夜晚,门笛寝殿内寂静无声,阿宝隐匿在暗处,身形如同融入了阴影之中,无人能够察觉。时间一点点流逝,转眼已是半夜三更,阿宝的耐心几近耗尽,正准备悄然放弃之时,一阵急促的脚步声骤然打破了沉寂。一个身影猛地闯进了寝宫,虽然光线昏暗,阿宝无法看清那人的面容,但仅仅凭着那熟悉的轮廓与步伐,他心中顿时升起一种难以言喻的熟悉感。
阿宝不敢轻举妄动,生怕惊醒了门笛。然而,那人接下来的举动却让阿宝心底生出一阵寒意。他看见那人手中捧起一块玉白色的石头,嘴唇微动,似乎在喃喃低语,声音却模糊得让人无法辨清。就在这时,阿宝忽然察觉到门笛的气息变得紊乱而痛苦。一种莫名的直觉涌上心头——那块玉石,绝非寻常之物,它仿佛能无声无息地剥夺人的记忆。

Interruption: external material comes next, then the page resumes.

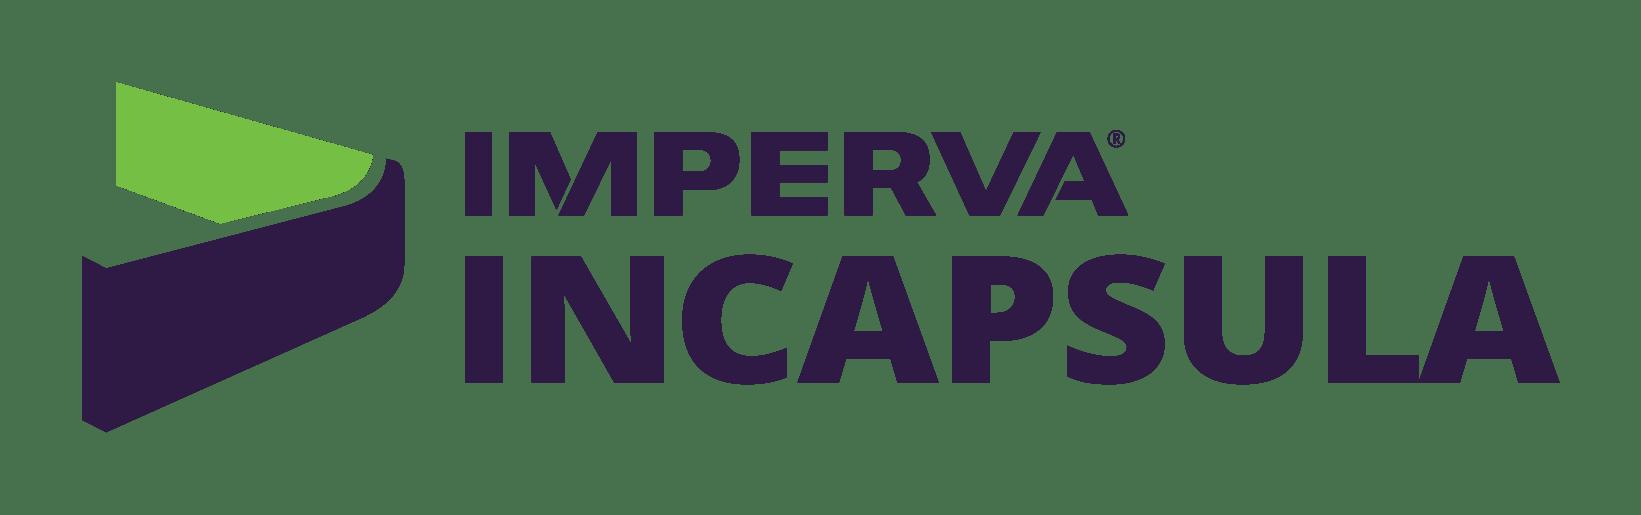 Imperva Incapsula | crunchbase

那人接下来的举动,着实让阿宝的血压瞬间飙升。他亲眼目睹那人轻轻吻上门笛的额头,动作温柔又不容置疑。阿宝只觉一股怒火直冲脑门,却又硬生生压下,拳头攥得指节发白,却没有当场发作。等到那人带着门笛离开,阿宝悄然尾随其后,直到一处微光洒落的地方,才终于看清了那人的轮廓。然而,当视线落在那人脸上的一刹那,阿宝的身体猛地一僵,心中的震惊几乎掀翻了他所有的理智——那个他以为再熟悉不过的身影,赫然竟是白悸!
白悸唇角微扬,发出一声轻笑,带着几分讥讽之意开口道:“太子殿下,您……究竟看到了些什么?又或者,方才的一切,是否已被您尽收眼底?”

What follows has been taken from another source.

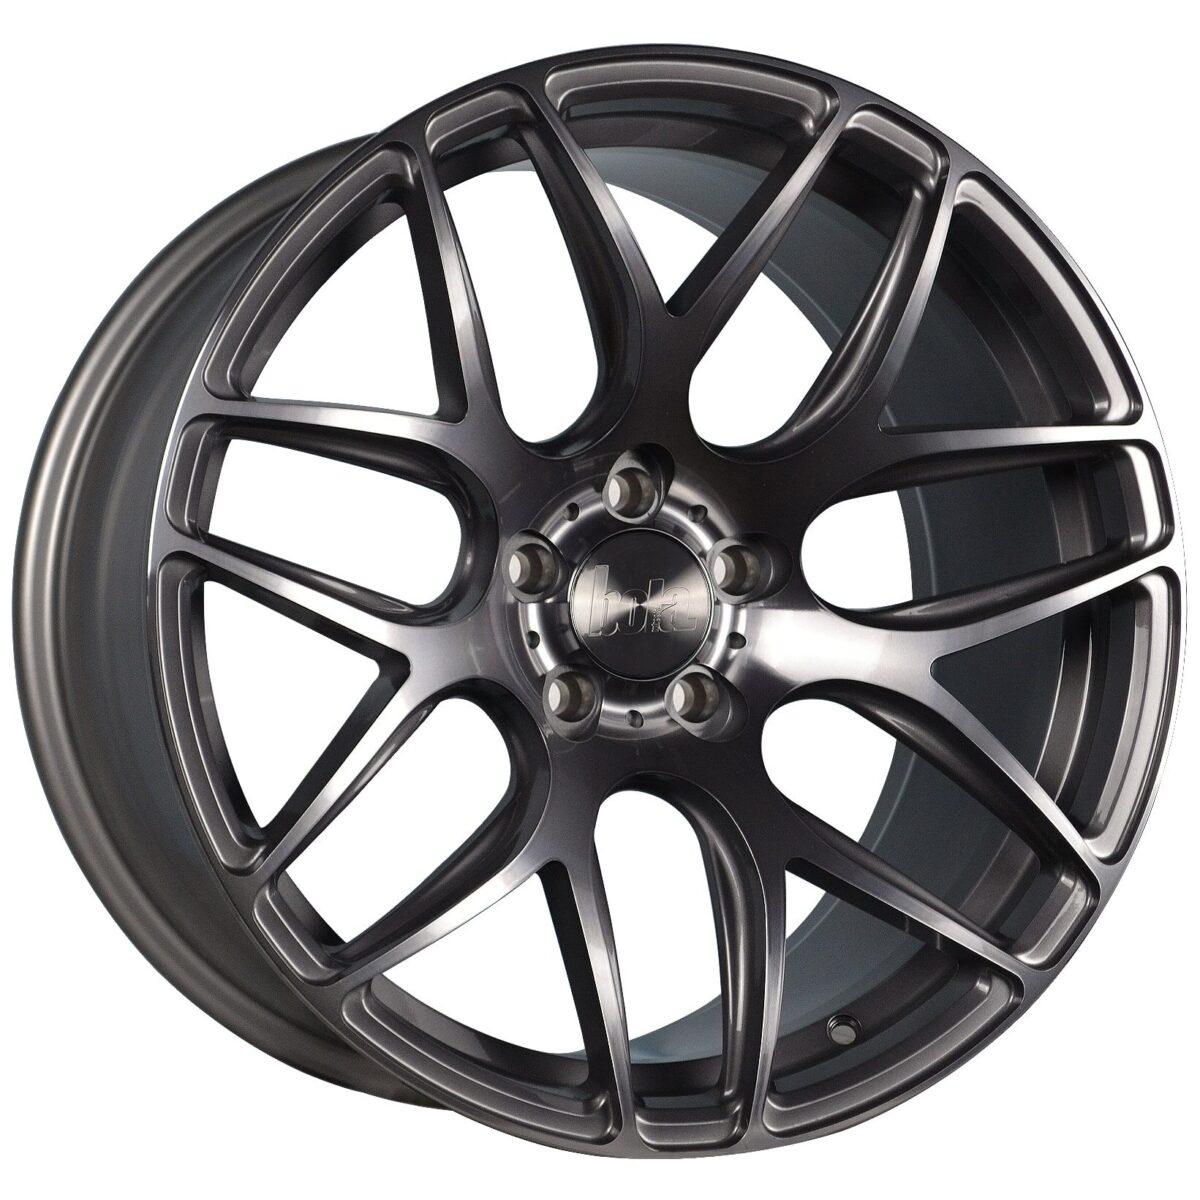 "18"" BOLA B8R Wheels - Gloss Titanium - All BMW Models"

阿宝愣了片刻,胸中涌起一阵难以抑制的怒火,声音也因激动而微微颤抖:“是你夺走了阿笛的记忆!你为什么要这样做?他只是把你当作亲人,当作他的哥哥啊!”
白悸无奈地叹了口气,语气中带着一丝讥讽,对阿宝说道:“是吗……那么,是谁让阿笛在梦幻天堂献祭的?是谁一次次将他推入绝境的?又是谁让他独自承受了十六年的孤独?太子殿下,您真的以为,阿笛的失忆对他而言不是一种解脱吗?或许……应该也让你感受感受阿笛的痛苦,你才能够好好珍惜他。”

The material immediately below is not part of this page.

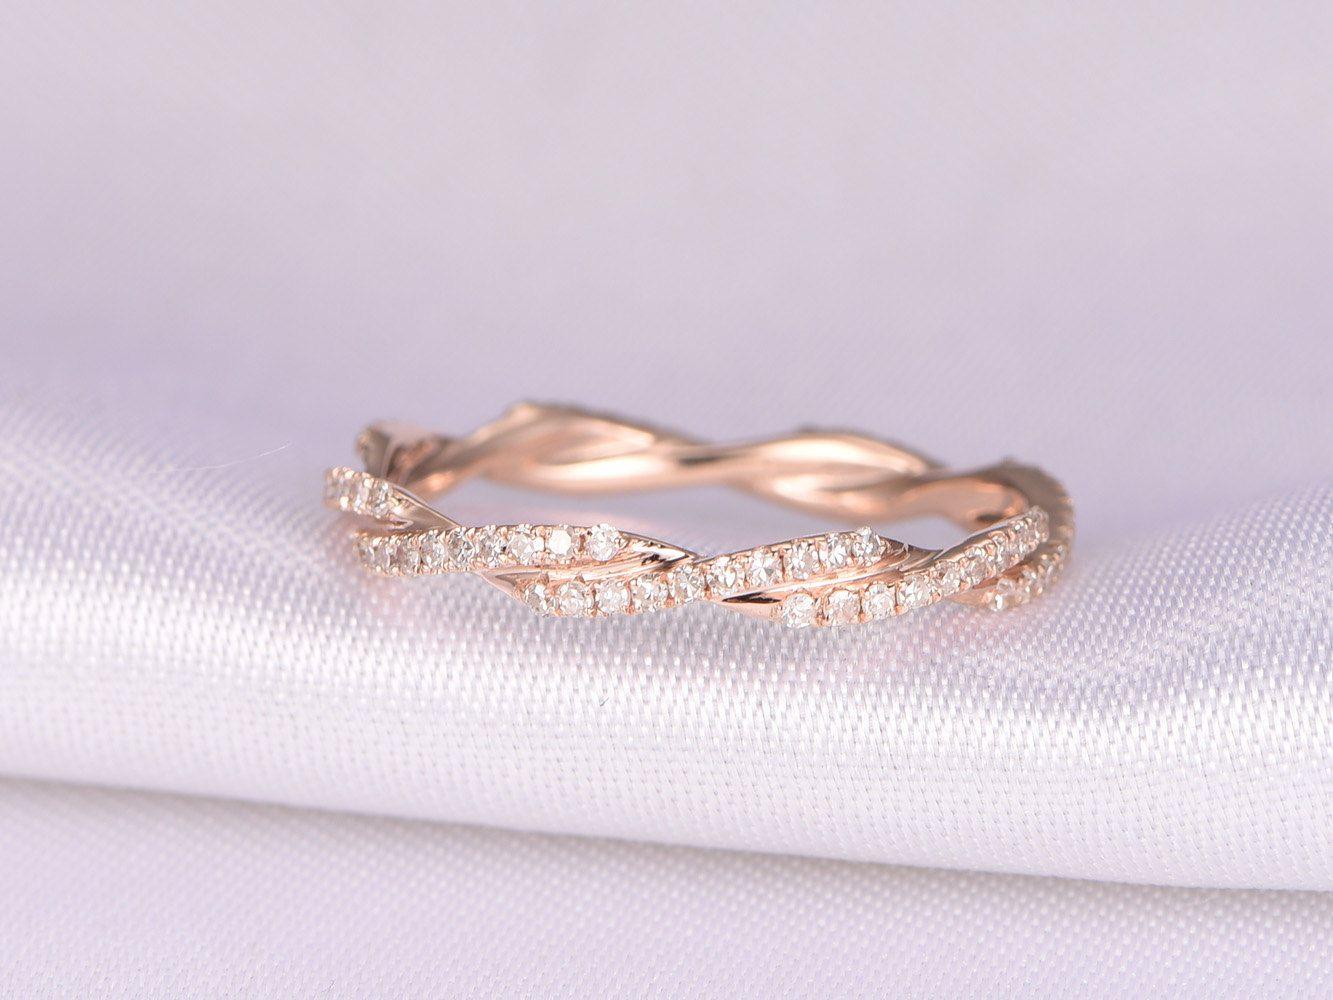 infinity diamond wedding band Criss Cross Ring Full Eternity diamond Wedding ring Twist wedding band Anniversary ring

阿宝的心随着那些话猛然抽搐起来,怒火如潮水般涌上心头,瞬间将理智吞没。他无暇顾及眼前这人到底是谁,只知道自己绝对不能容忍任何人伤害门笛——这个胆敢动手的人,必须要为此付出代价!他握紧手中的赤焰魔刃,怒吼一声便向白悸直冲而去。然而,白悸身形一转,一个利落的后空翻轻松避开了他的攻击。当阿宝稳住脚步再抬头时,只见白悸已经取出了他的本命法宝——那条名为“幽灵刃鞭”的诡异武器。鞭身蜿蜒如蛇,上面缠绕着锋利的刀刃,在月光下泛着冷冽的寒芒。他手腕轻抖,一道凌厉的劲风随即袭来。阿宝虽极力闪避,但终究慢了一步,手臂被划出了一道浅浅的血痕。那一瞬间,他愣住了。他清楚,以白悸的实力完全可以在刚刚那一击中重伤自己,但他没有。这一丝犹豫和克制,让他心头涌起复杂的情绪。“你为什么要手下留情?”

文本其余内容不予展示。